Our investment methodology is based on our proprietary Four Pillars Process. The Four Pillars Process is an exclusionary investment approach that eliminates businesses we believe are less likely to contribute to client and portfolio goals.  

Pillar 1: A quantitative screen that eliminates businesses which fail to meet our minimum requirements for profitability, trading liquidity, fiscal conservancy, shareholder-friendly actions, and growth. Our quantitative screens reduce our opportunity set from over 10,000 companies to under 400.

Pillar 2: A qualitative review of each company’s consistency, reputation, and business environment. We consider Porter’s forces to assess each company’s competitive position. We review each company’s historic revenue and margins and mathematically compare them to trend and to peers. We review reports on employee engagement, customer ratings, and “most admired” lists to understand businesses reputations. This gives us a mosaic viewpoint about each company’s competitive advantages, operating consistency, and organizational character.

Pillar 3: The Master List is a group of 100 to 150 businesses that have both the quantitative and qualitative characteristics we find compelling. Our Master List is regularly updated and reviewed and we develop our own opinion of valuation on each company. Our valuation methodology is a two-stage earnings and cash flow-centric discount model. Our valuation methodology is designed to compare each business that survives our quantitative and qualitative Pillars on an apples-to-apples basis. 

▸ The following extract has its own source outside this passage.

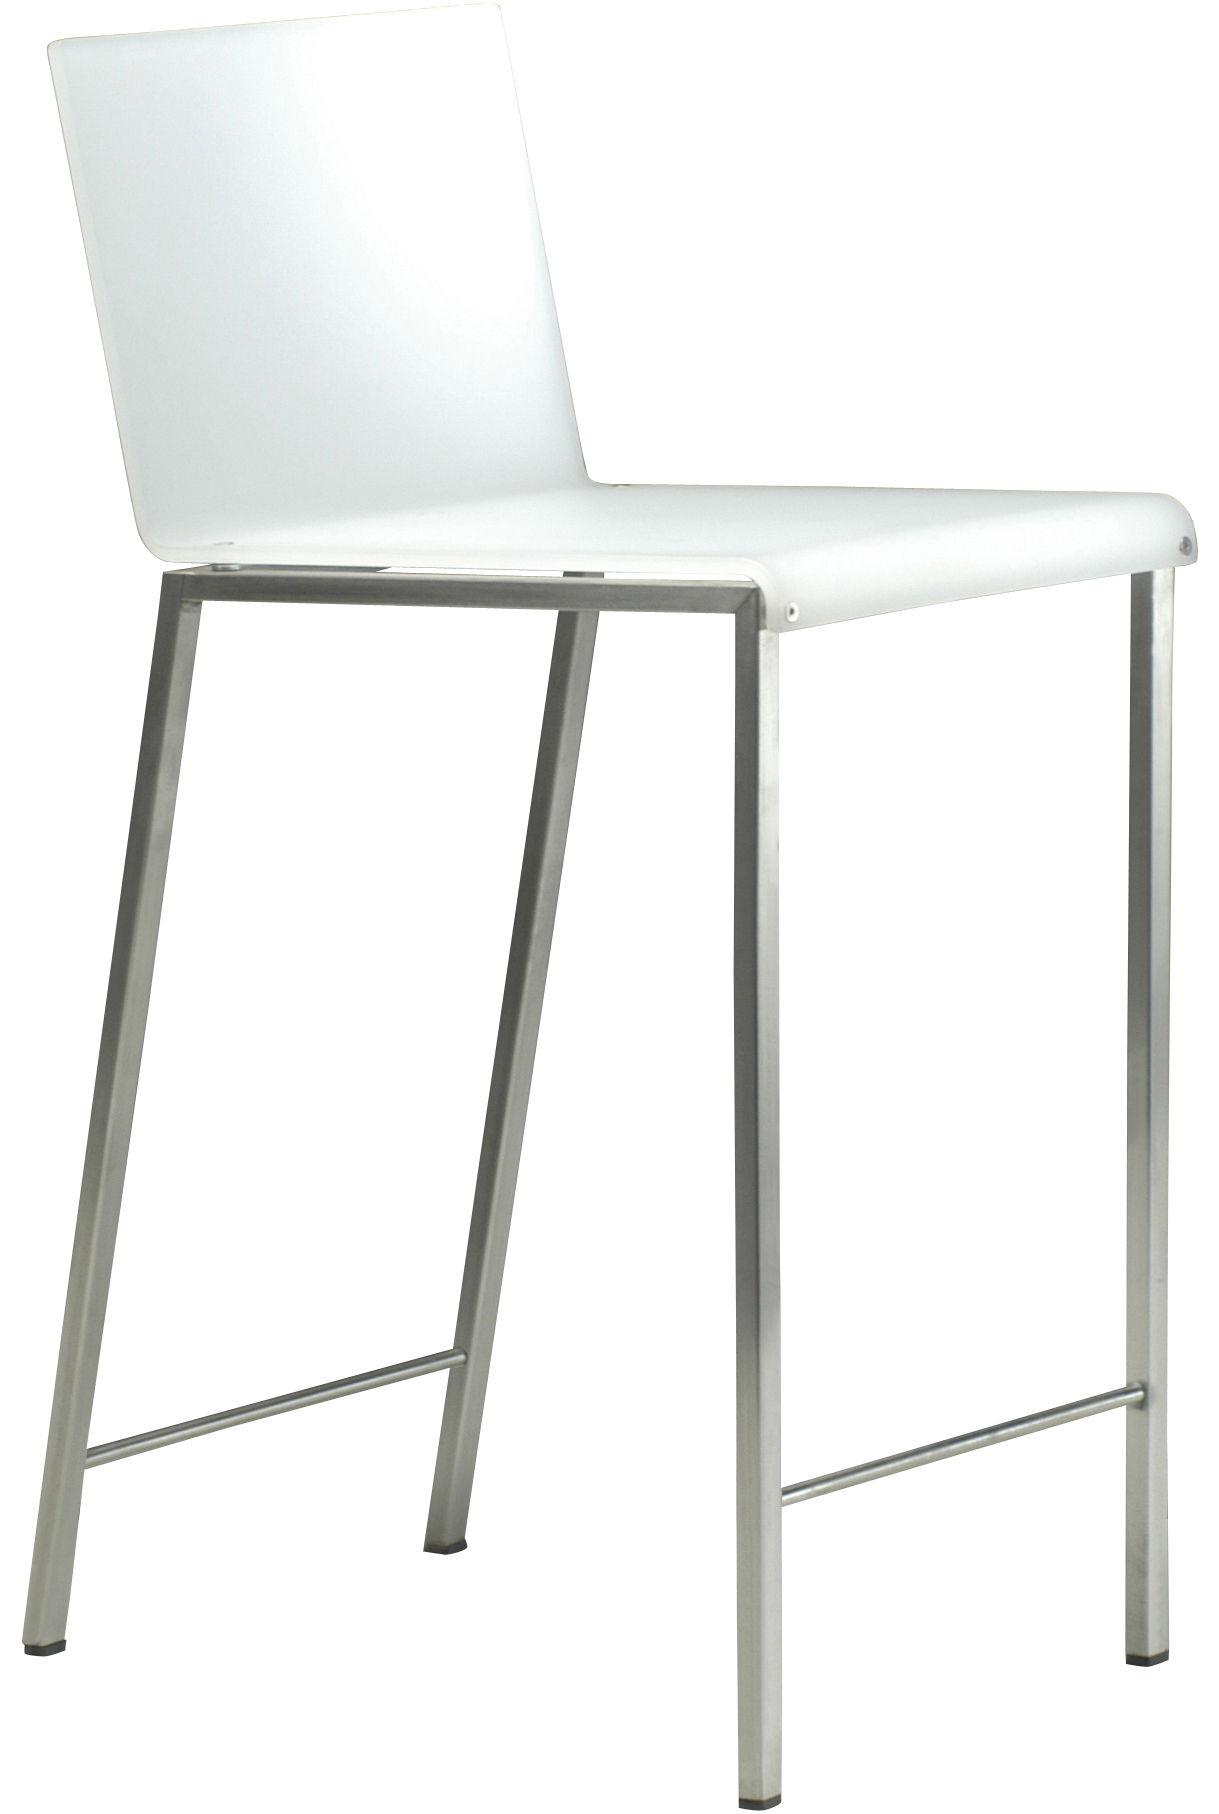 Arredamento - Sgabelli da bar  - Sedia da bar Bianco - Tinta opaca di Zeus - Bianco opalino h seduta 64 cm - Acciaio sabbiato, Resina acrilica

Pillar 4: We believe portfolio construction is primarily an opportunity to mitigate portfolio risk. We manage risk by limiting exposure to individual securities, industry groups, and sectors. For example, by policy, we impose portfolio purchase limits on individual securities to 3% of total equities.

The goal of the Four Pillars Process is to create the highest probability that our results will be competitive, consistent, and compounding.

Quantitative Screens 

Our quantitative screens measure relative operational stability compared to peers and market.[B1]  We look for businesses with appealing revenue stability and EBITDA margin stability as measured by the correlation coefficient of historical results regressed against the company’s trend. For example, all other factors held constant, we would prefer a business that has grown its revenue at a consistent rate to a business that grows quickly one year and slowly the next. Our preference is based on our belief that consistent growers [B2] are more appealing when the economy and markets are in doubt.

  • We look for businesses whose revenue and earnings are expected to grow over the long run.
  • We look for businesses with sufficient liquidity.
  • We prefer businesses with modest levels of debt relative to their peers.
  • We require our businesses to demonstrate that they are focused on shareholder returns by paying dividends and repurchasing shares.